2) Managed Services: This ‘all-inclusive’ model is where you will find HaaS. They have both the
infrastructure to accommodate HaaS, and a more vested interest in the ease with which they can
maintain a network with HaaS. The ‘B&F Guys’ get paid more when things break down – see how that works?

Q: How does hardware as a service model work?

A: The underlying concept is that customers are paying for the service rather than the hardware itself. This helps both the client and the Managed IT Services provider: The client is saved from the capital expense, which generally involves huge periodic cash outlays to keep the network hardware up to date. The Managed IT Services Provider is assured of an up to date and easily managed network and spared having to ‘nag’ the client to spend money as aging, obsolete hardware presents both maintenance and security challenges.

Q: Is hardware as a service taxable?

A:  As with anything, we are not qualified to give tax advice, so consult your tax accountant or attorney. The general rule of thumb is that products are taxable, whereas services are not. Each state has its own way of handling these taxes.

Q: What is hardware as a service in cloud computing?

A: It is the same as in non-cloud computing – utilizing the ‘old-school’ localized network. The difference is that once in the cloud, your office computer really just acts as a terminal to the cloud, rather than the self-contained little ‘factory/storage warehouse’ it was on a local network. You still have to have something at your desk, but it’s less expensive and needs far less IT support.

Q: How to sell hardware as a service?

A:

The old saying in sales is, “Sell the sizzle, not the steak.” Don’t roll in a shiny new HP Workstation and say, “Look! This is what you get with our HaaS deal!” Seriously, your prospective client doesn’t care what’s under their workers’ desks – they just want everything to work – at a quick pace with no disruptions.

Offer them two options in your proposal: One with HaaS, one without.

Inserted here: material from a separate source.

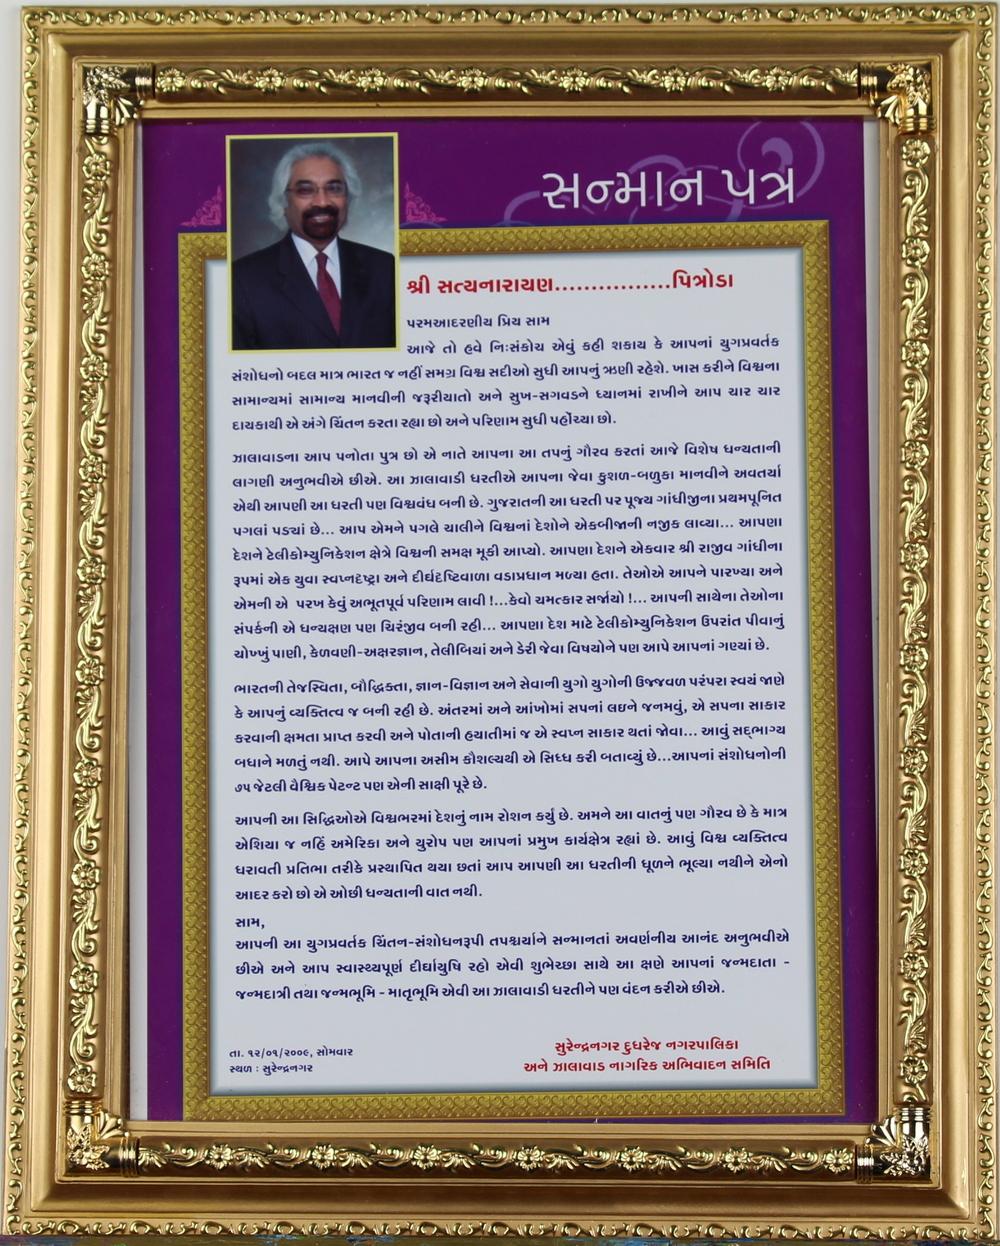 Award of Appreciation Letter, Surendra Nagar Dudhrej Nagar Palika & Zalavad Nagrik Abhivadan Samiti, 2009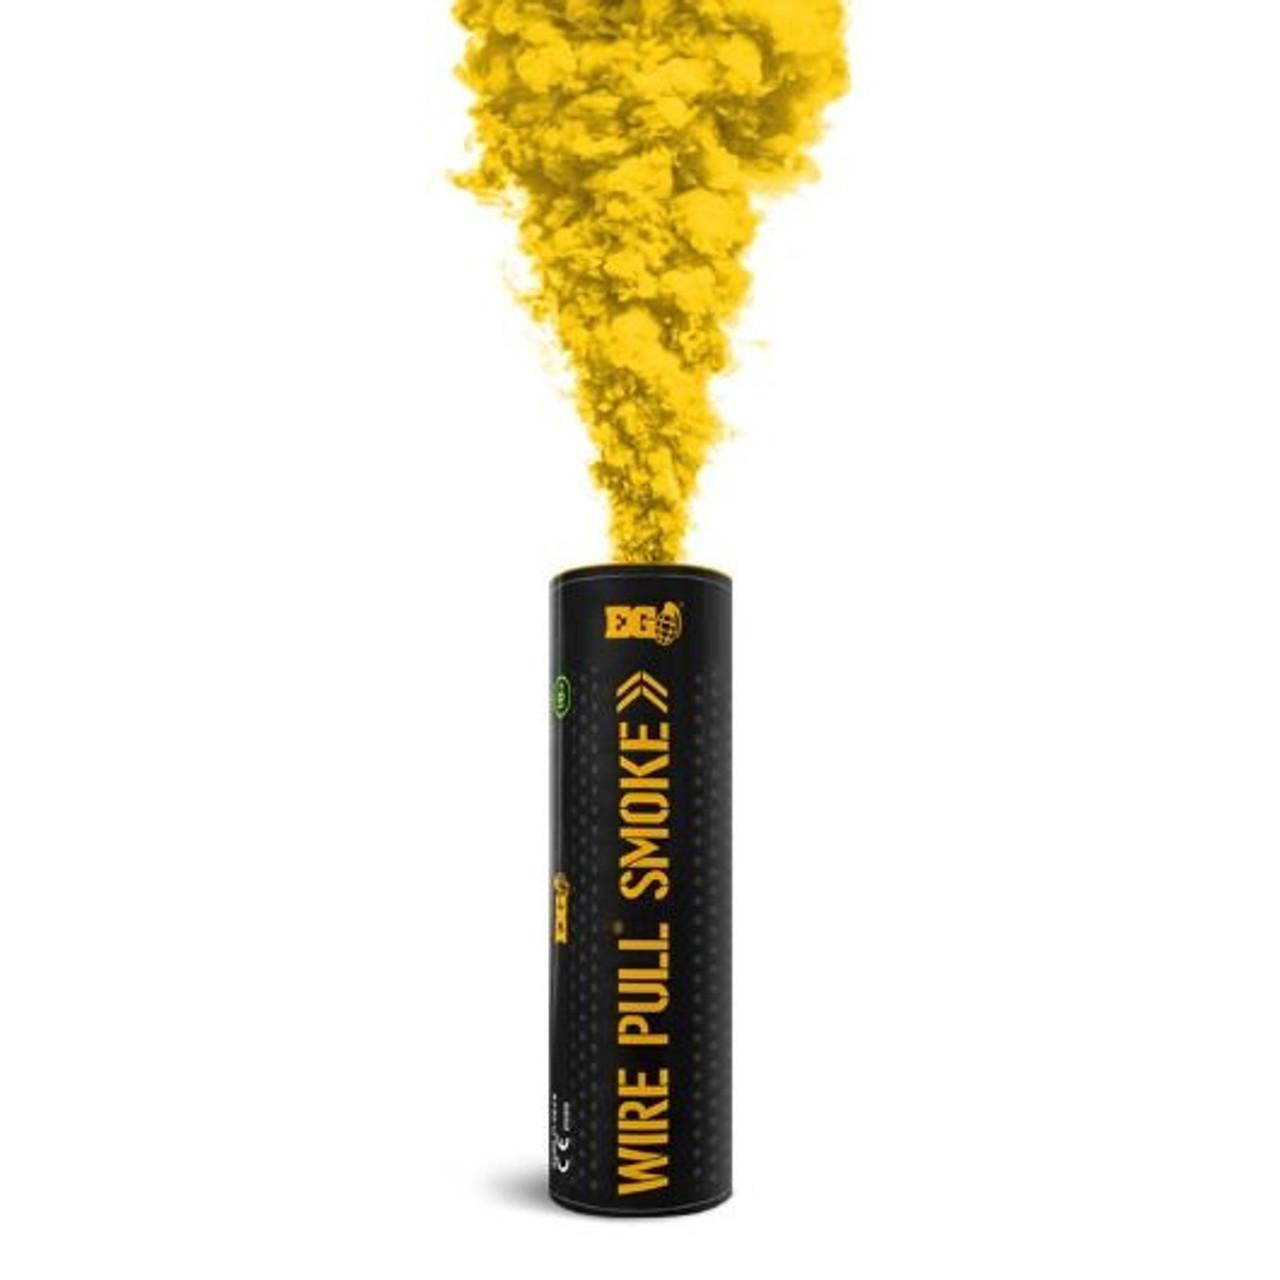 Pyro Shipped Easy Wire Pull Smoke Grenade yellow

However, the ‘without’
option will necessarily have a sub-section showing the initial cash outlay for upgrading the system, and it is rare that this amount is less than five figures. You give the client the option of forking over ten to twenty thousand dollars or more up front, or paying a very reasonable increase in the payment for the ‘with’ option – and it’s not just the money – the ‘with’ option ensures better service and less disruptions, because the network will always be state-of-the-art.

The reason why the two monthly payment options offered shouldn’t be worlds apart is because HaaS    is more of a convenience to the Managed Services Provider than a big moneymaker. The mistaken assumption is that the higher monthly retainer will pay off the hardware and then the HaaS provider keeps collecting the cash like it’s gravy. It doesn’t work like that, because that hardware will need to be upgraded on an ongoing basis.